On this point, Walter was wrong. Fifteen months after his arrest, his case finally came to court, and he was prosecuted for downloading child pornography. The prosecutor insisted that his so-called neurological condition was of no relevance, a red herring. Walter, he argued, was a lifelong pervert, a menace to the public, and should be put away for the maximum term of twenty years.
The neurologist who had originally suggested temporal lobe surgery and had treated Walter for almost twenty years appeared in court as an expert witness, and I submitted a letter to be read in court, explaining the effects of his brain surgery. We both pointed out that Walter’s condition was a rare but well-recognized one called Klüver-Bucy syndrome, which manifests itself as insatiable eating and sexual drive, sometimes combined with irritability and distractibility, all on a purely physiological basis. (The syndrome had first been recognized in the 1880s, in lobectomized monkeys, and subsequently described in human beings.)
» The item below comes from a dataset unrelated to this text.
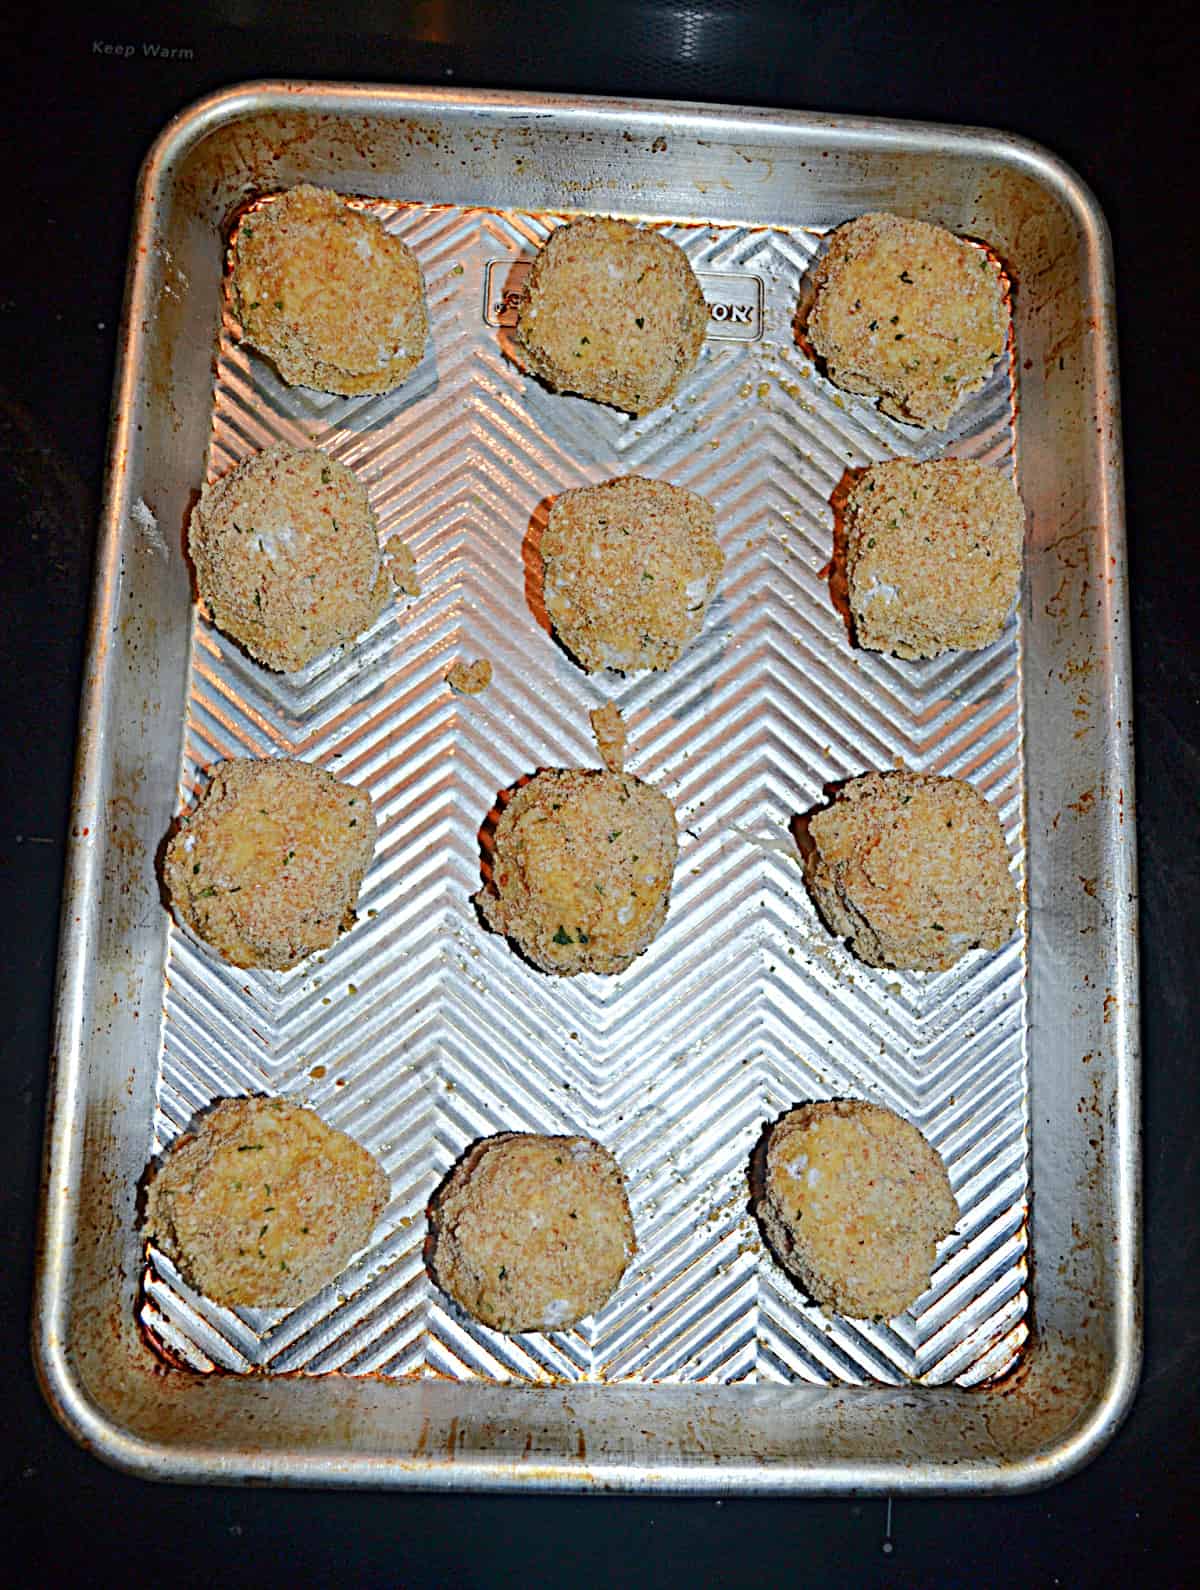 A baking sheet with sauerkraut balls on it.

The all-or-none reactions that Walter had shown were characteristic of impaired central control systems; they may occur, for example, in parkinsonian patients on L-dopa.2 Normal control systems have a middle ground and respond in a modulated fashion, but Walter’s appetitive systems were continually on “go”—there was scarcely any sense of consummation, only the drive for more and more. Once his physicians became aware of the problem, medication readily brought it under control—albeit at the cost of a sort of chemical castration.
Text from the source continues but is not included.